Professional services critical to SAR’s economic growth
As the Hong Kong Special Administrative Region consolidates its business links with the Association of Southeast Asian Nations and the Middle East, the city’s professional services sector has a pivotal role to play in accelerating these bonds, says Hong Kong business titan Jonathan Choi Koon-shum.
Professional services will be in great demand from Middle Eastern countries as their real-estate development booms, contends Choi, chairman of the Hong Kong Chinese General Chamber of Commerce. He also heads the Hong Kong-based conglomerate Sunwah Group, whose operations span the seafood-and-foodstuff, real-estate, financial services, technology, media, infrastructure, education and training, as well as green technology and healthcare industries.
The special administrative region has developed a suite of property and construction-related professional services, such as town planning, architecture, engineering, consultation, and smart-city technologies, aided by a robust and thriving property market, and financial connectivity will be a major business interaction between Hong Kong and the Middle East.
With the advent of the digital and green economy, ASEAN member states need smart-city technologies, artificial intelligence and data science expertise, as well as the Chinese mainland’s new energy technologies, to propel green and digital economic transformation.
Opportunities nearby
“Hong Kong’s professional services can fuel the bonds between ASEAN and Hong Kong not only in such services, but also in trade and traditional segments ranging from finance, real-estate construction and mercantile goods trade to emerging sectors like new energy,” says Choi, who is also a Standing Committee member of the National Committee of the Chinese People’s Political Consultative Conference — the nation’s top political advisory body.

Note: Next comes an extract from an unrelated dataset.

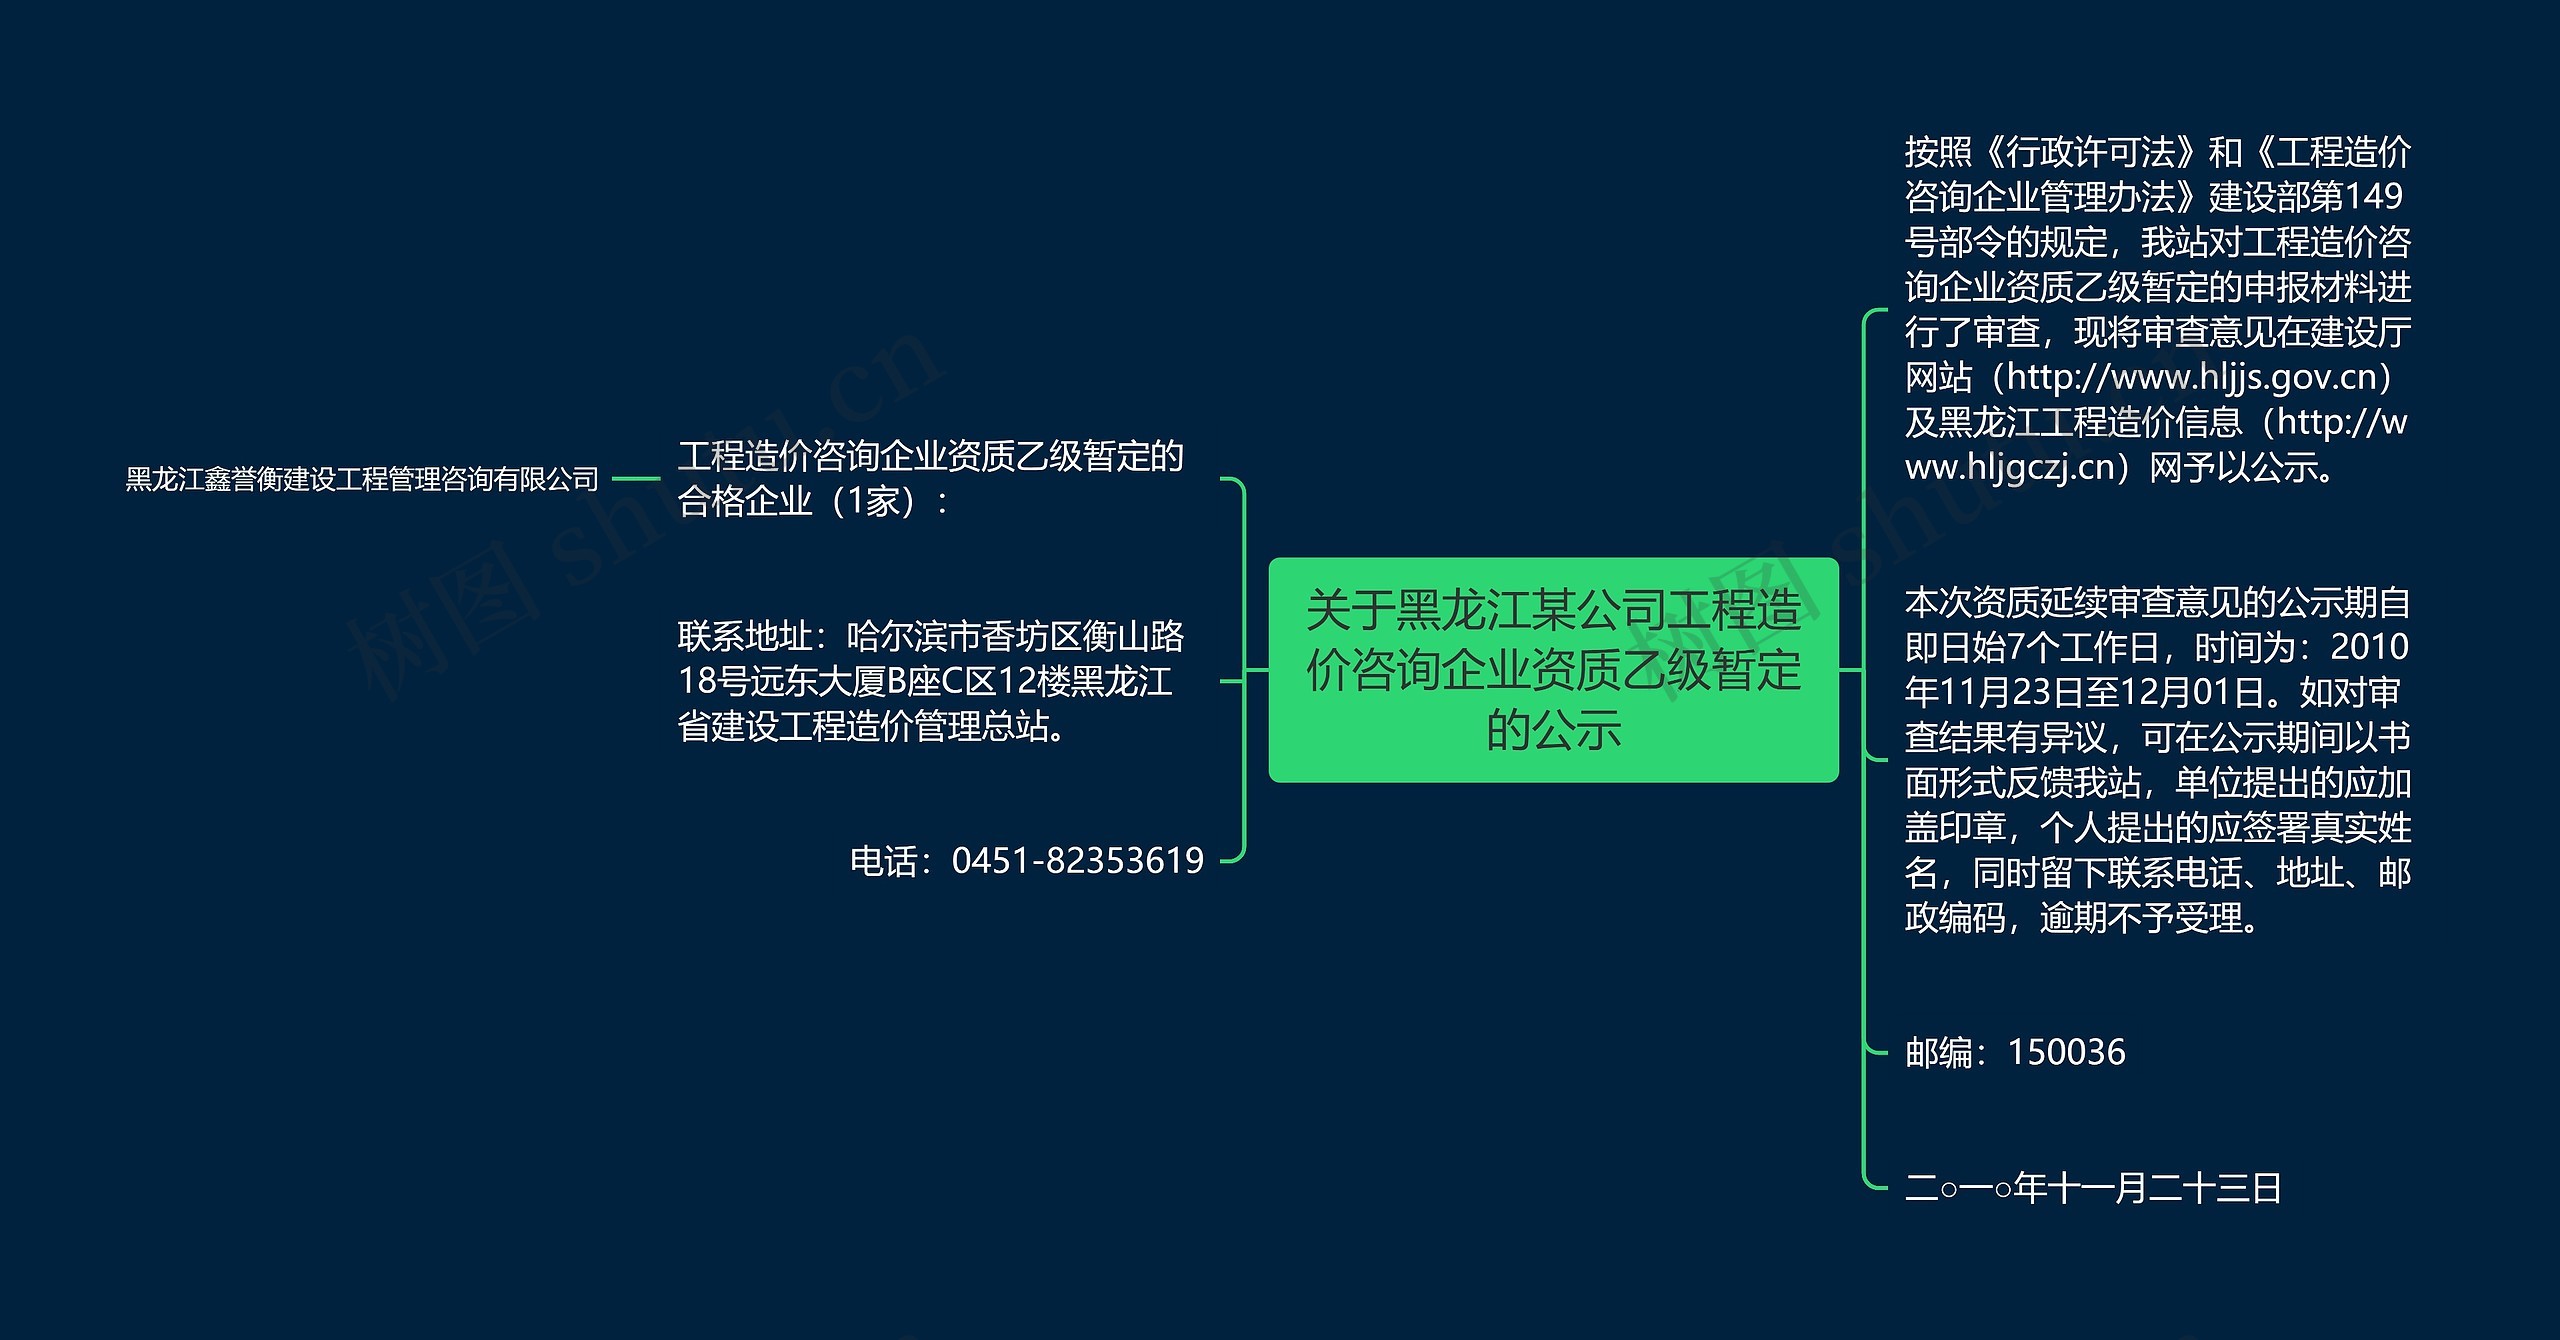 关于黑龙江某公司工程造价咨询企业资质乙级暂定的公示思维导图

For ASEAN, Hong Kong’s economic role is more important than ever. “Hong Kong is the connector, investor and operator, investing in and managing projects in the regional bloc.”
The theme of Hong Kong enterprises’ capital investment in ASEAN countries is even more far-reaching. The grouping is seeing an array of traditional manufacturing businesses emerging, such as garments and electronics factories, fueled by a regionalization trend in the production process, as more mainland companies relocate their manufacturing bases to Indonesia, Thailand and Vietnam amid Sino-US trade frictions in the past few years.